A high-throughput method to characterize membrane viscosity of flowing microcapsules

Microcapsules have many industrial applications and also serve as a widely used mechanical model of living biological cells. Characterizing the viscosity and elasticity of capsules at a high-throughput rate has been a classical challenge, since this is a time-consuming process in which one needs to fit the time-dependent capsule deformation to theoretical predictions. In the present study, we develop a novel efficient method, by integrating a deep convolutional neural network with a high-fidelity mechanistic capsule model, to predict the membrane viscosity and elasticity of a microcapsule from its dynamic deformation when flowing in a branched microchannel.
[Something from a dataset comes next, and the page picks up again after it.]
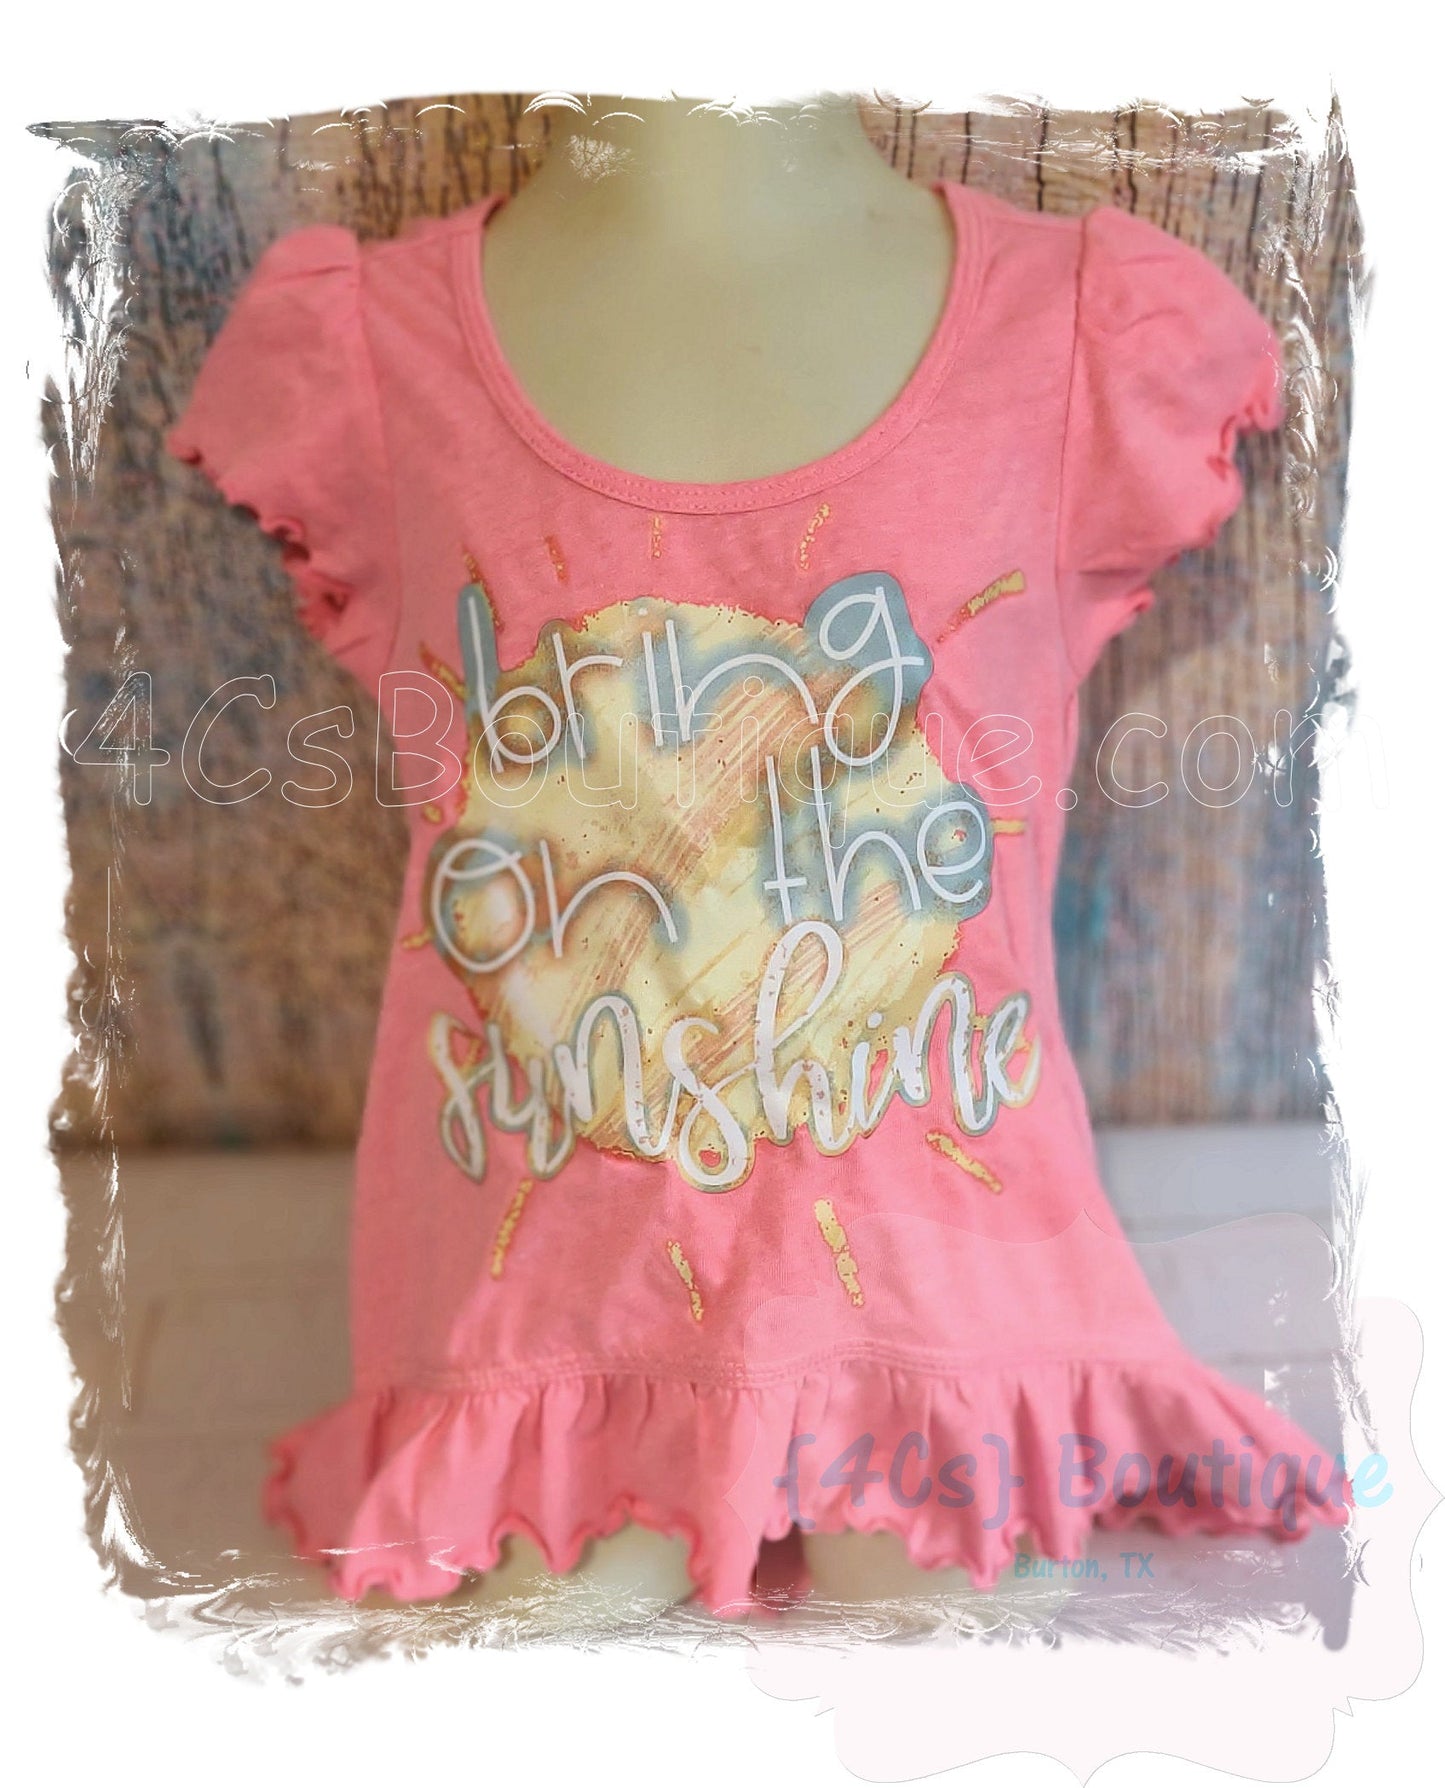 Size 4 Bring On The Sunshine Pink Shirt
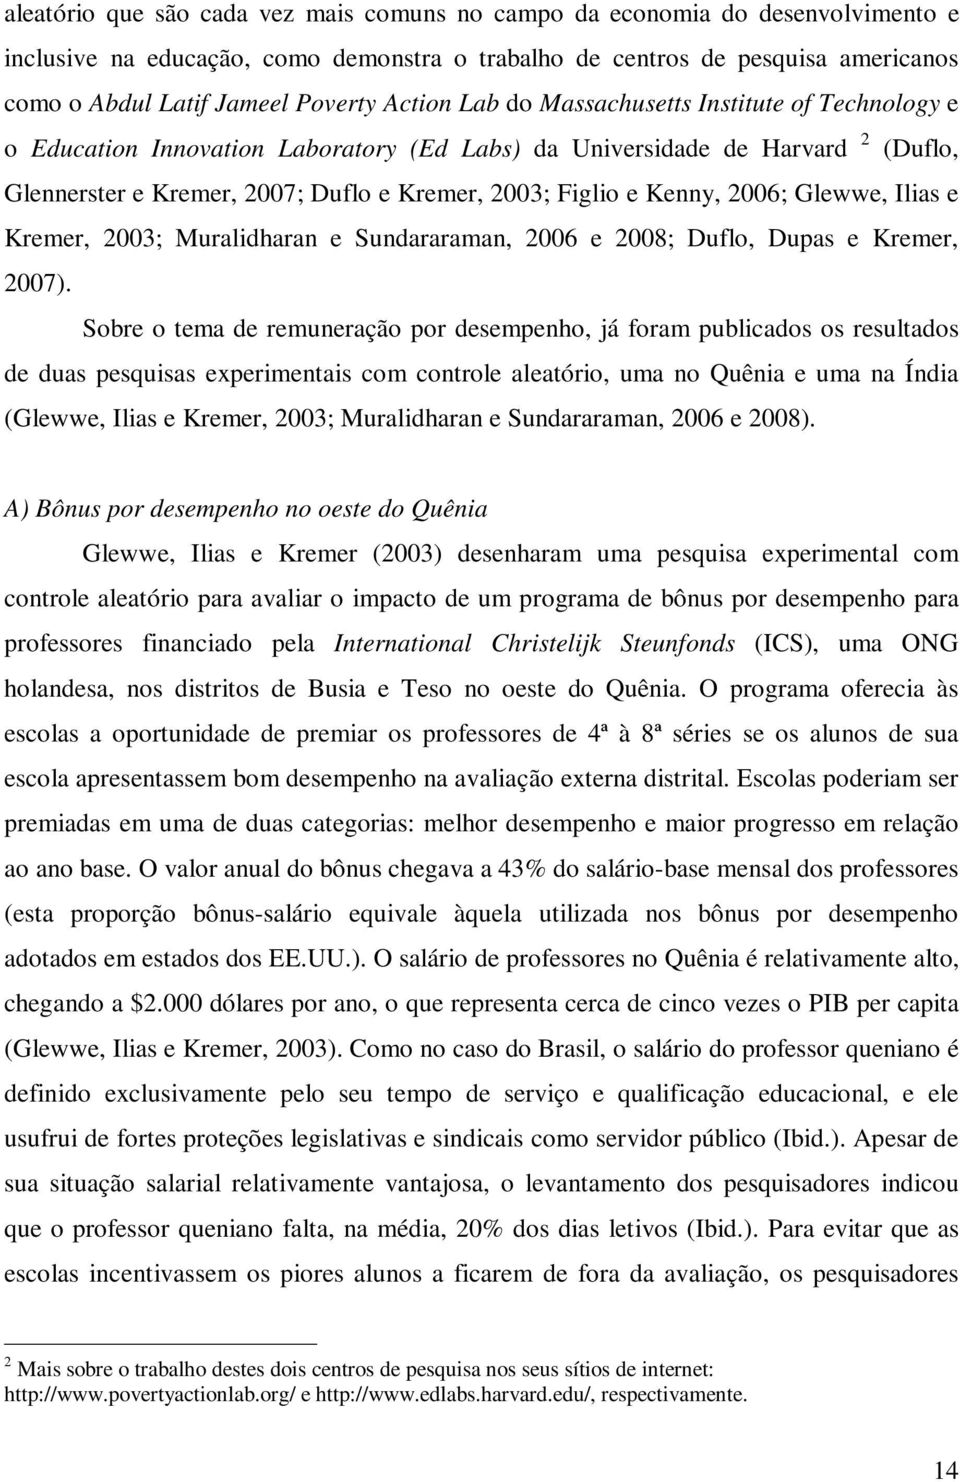 Kenny, 2006; Glewwe, Ilias e Kremer, 2003; Muralidharan e Sundararaman, 2006 e 2008; Duflo, Dupas e Kremer, 2007).

Compared with a conventional inverse method, the present approach can increase the prediction throughput rate by five orders of magnitude while maintaining the same level of prediction accuracy. We also demonstrate that the present approach can deal with capsules with large deformation in inertial flows.

Automated summary

In this study, a novel efficient method combining a deep convolutional neural network with a high-fidelity mechanistic capsule model is proposed to predict the membrane viscosity and elasticity of microcapsules flowing in a branched microchannel. Compared with traditional methods, this approach significantly increases prediction throughput rate while maintaining accuracy, and can handle capsules with large deformation in inertial flows.